Shield AI successfully demonstrates autonomous teaming with V-BAT UAS
The demonstration was the final milestone of the innovation arm of the Department of the Air Force (AFWERX) autonomy effort under its Strategic Funding Increase programme and in collaboration with the Air Force Research Laboratory (AFRL) Sensors Directorate.
Shield AI used its Hivemind AI pilot to launch a team of three V-BATs to monitor and surveil simulated wildfires. The multi-agent, coordinated team conducted detect, identify, locate, and report (DILR) missions in a contingency scenario with dual-use applications.

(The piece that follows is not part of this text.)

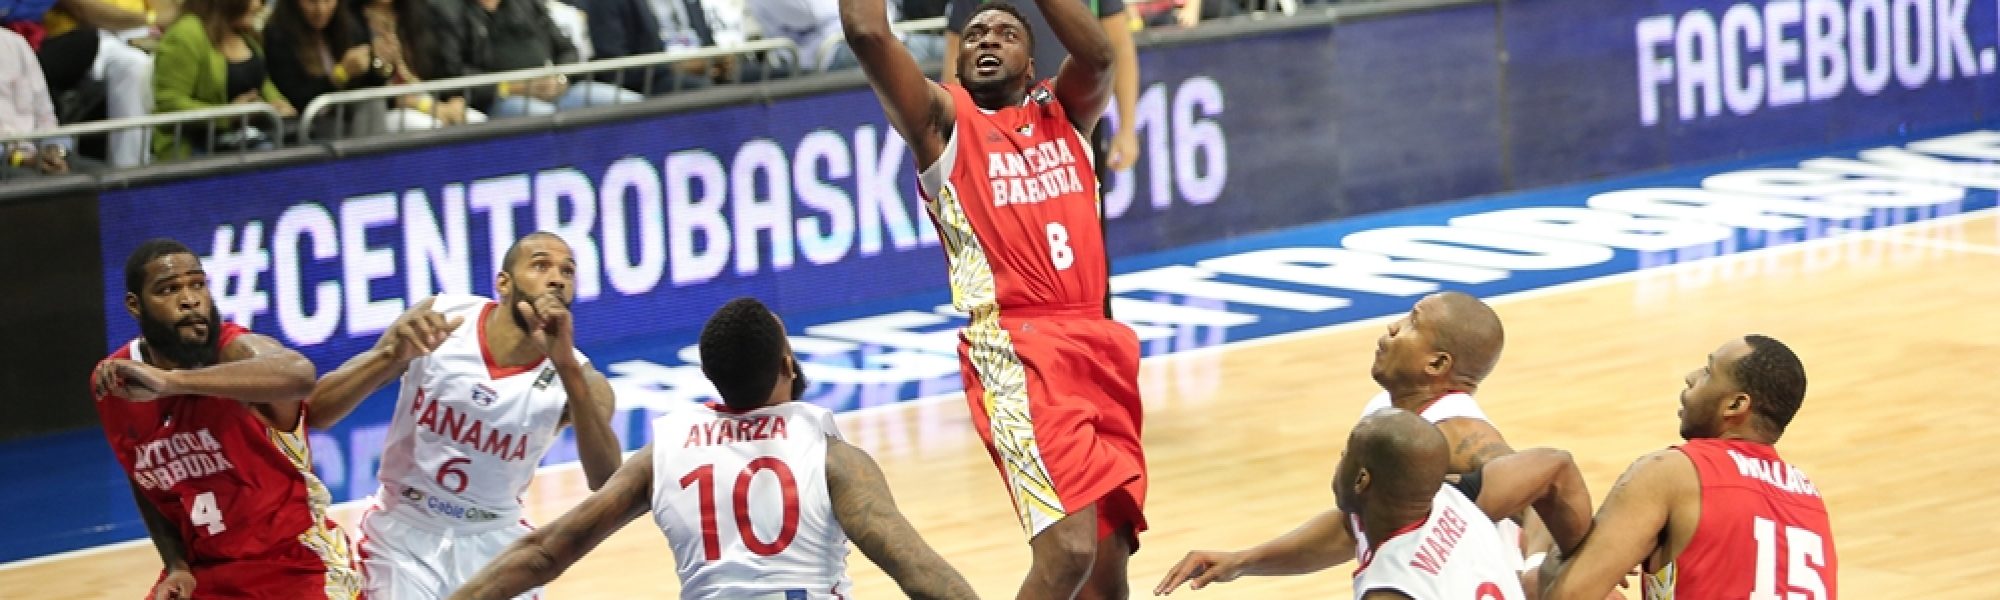 Centrobasket 2016

This work with AFWERX sets Shield AI on a path to deploy V-BAT teaming capabilities in GPS- and- communications-denied environments in 2024.
Shield AI’s president Brandon Tseng said: ‘Intelligent, affordable mass that can see everything on the battlefield, execute the mission even when GPS and comms are denied or degraded, and put all our adversaries’ military assets at risk at all times is the Holy Grail of deterrence. This milestone brings us closer to achieving that reality.’
‘We had many customers from across the DoD enterprise attend the event and my favourite customer quote was “Wait, you’re flying those three aircraft, doing the recon, and at the same time briefing us?”’
Hivemind can be trained for a variety of missions and its modular open systems architecture enables portability to other aircraft. It has flown quadcopters, V-BATs and jet aircraft.
V-BAT teaming capabilities in GPS- and- communications-denied environments are expected to be deployed in 2024. (Photo: Shield AI)
According to the company Hivemind can be trained to undertake a range of missions, including integrated air defence breach, SCUD missile hunting, zone reconnaissance, counter-air, beyond-visual-range strike, maritime domain awareness and communications-contested operations.
AFWERX prime division chief Col Tom Meagher said: ‘What’s exciting to us is not just the capability that teaming V-BATs can bring to the table or how it’s on a great path for fielding with DoD partners, but how autonomy stacks can be leveraged across different aircraft and programmes.’
‘The continual application of autonomy from small systems, now V-BAT, and onto larger platforms provides paths for industry progression and autonomy maturation.’